=== GOAL OF THE EXERCISE ===
In the copy, keep every word of the data below and none of its pictures.

=== RECORDED DATA ===

Segment Open

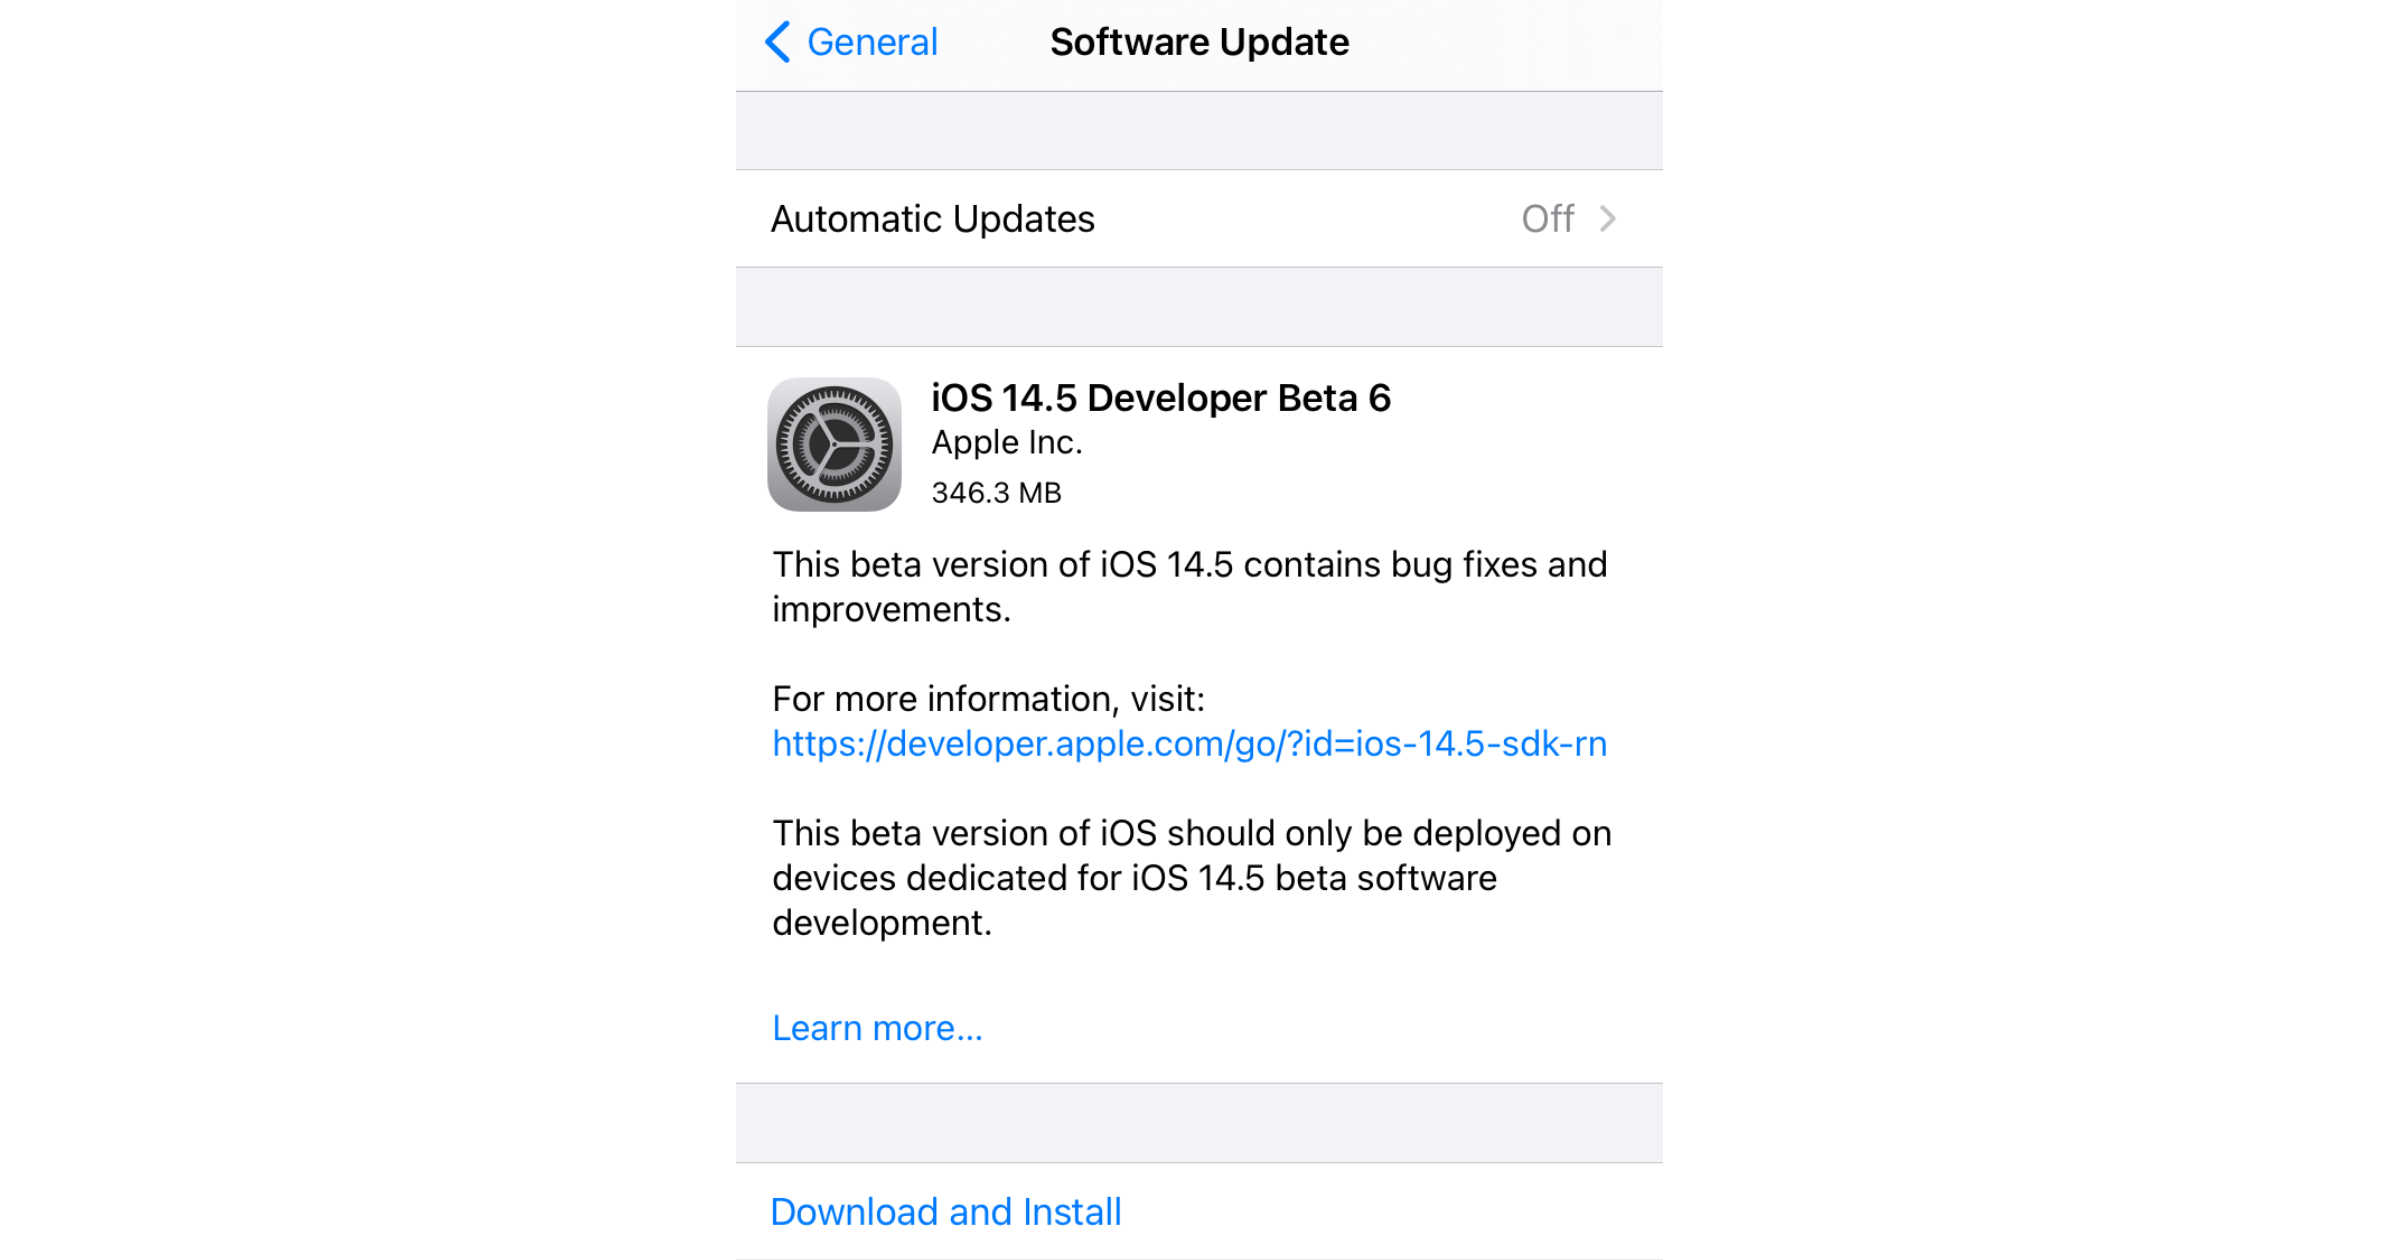 iOS 14.5 developer beta 6
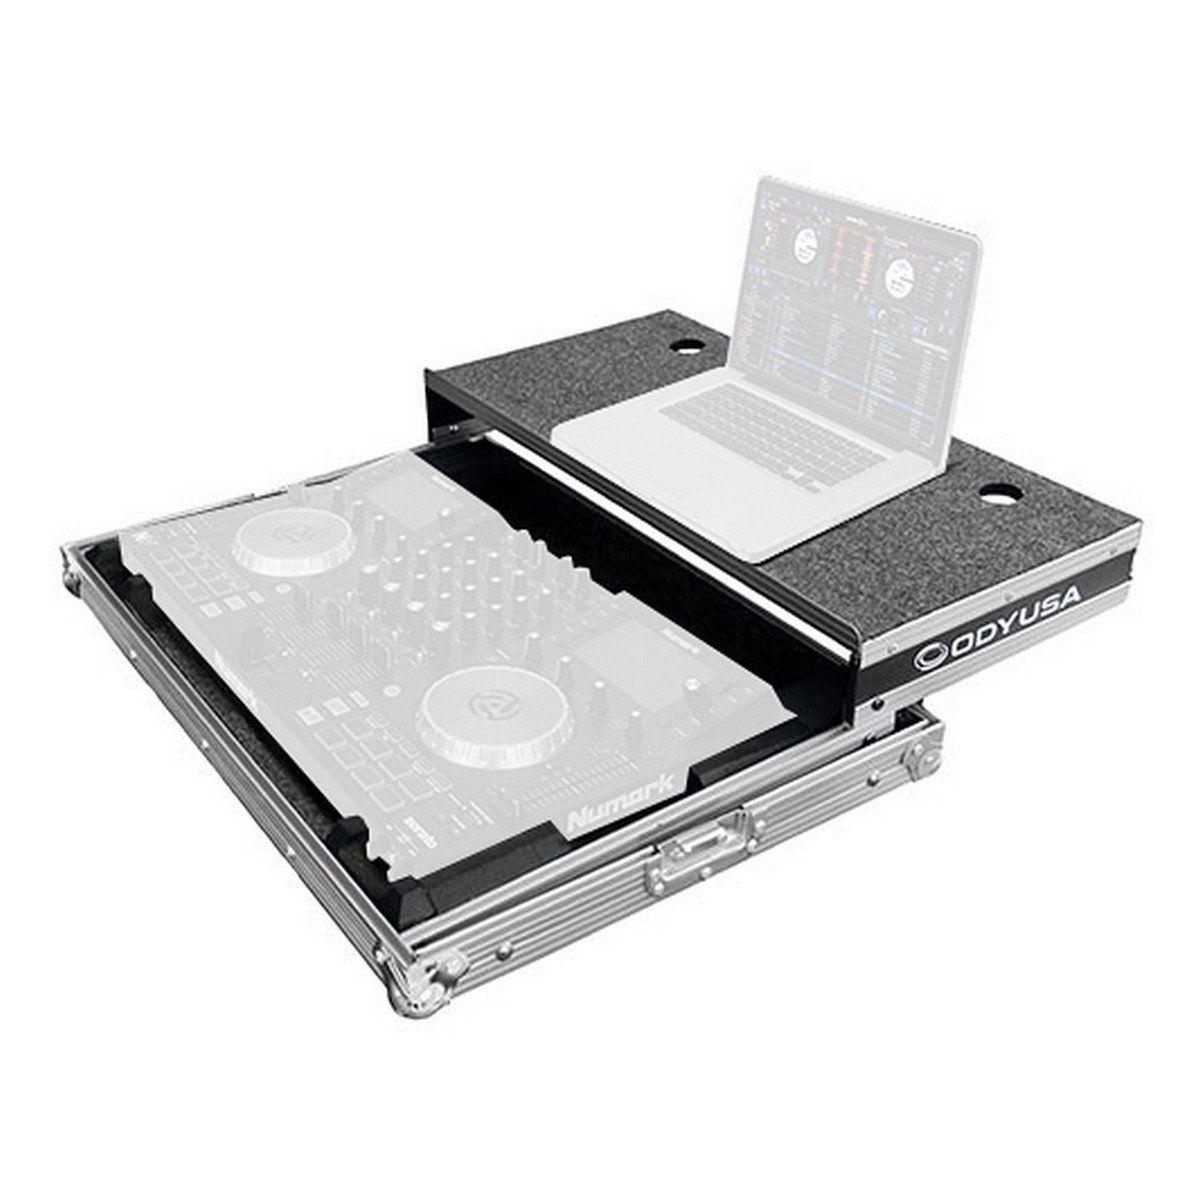 Odyssey Cases FZGSNV | Flight Zone Numark NV Serato DJ Controller Glide Style Case : $299
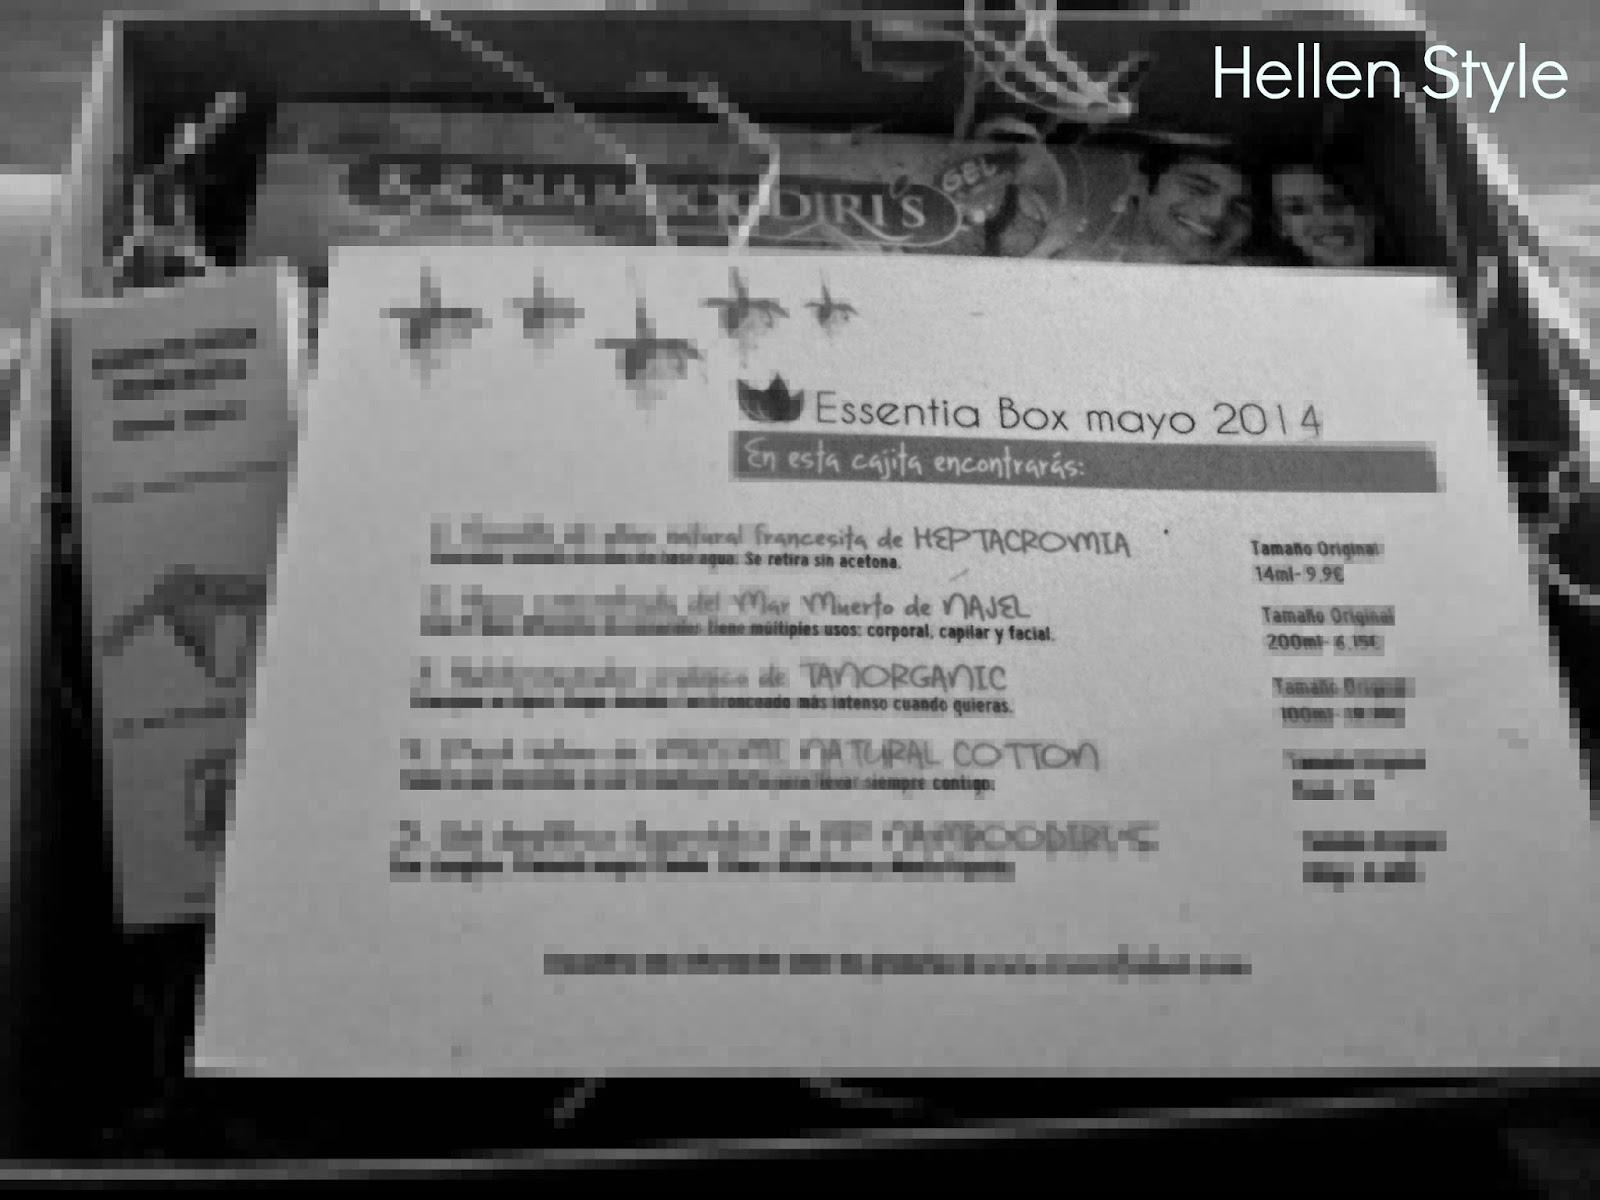 Essentia box mayo 2014

Segment Closed

=== OUTPUT OF THE TASK ===
 iOS 14.5 developer beta 6
 Odyssey Cases FZGSNV | Flight Zone Numark NV Serato DJ Controller Glide Style Case : $299
 Essentia box mayo 2014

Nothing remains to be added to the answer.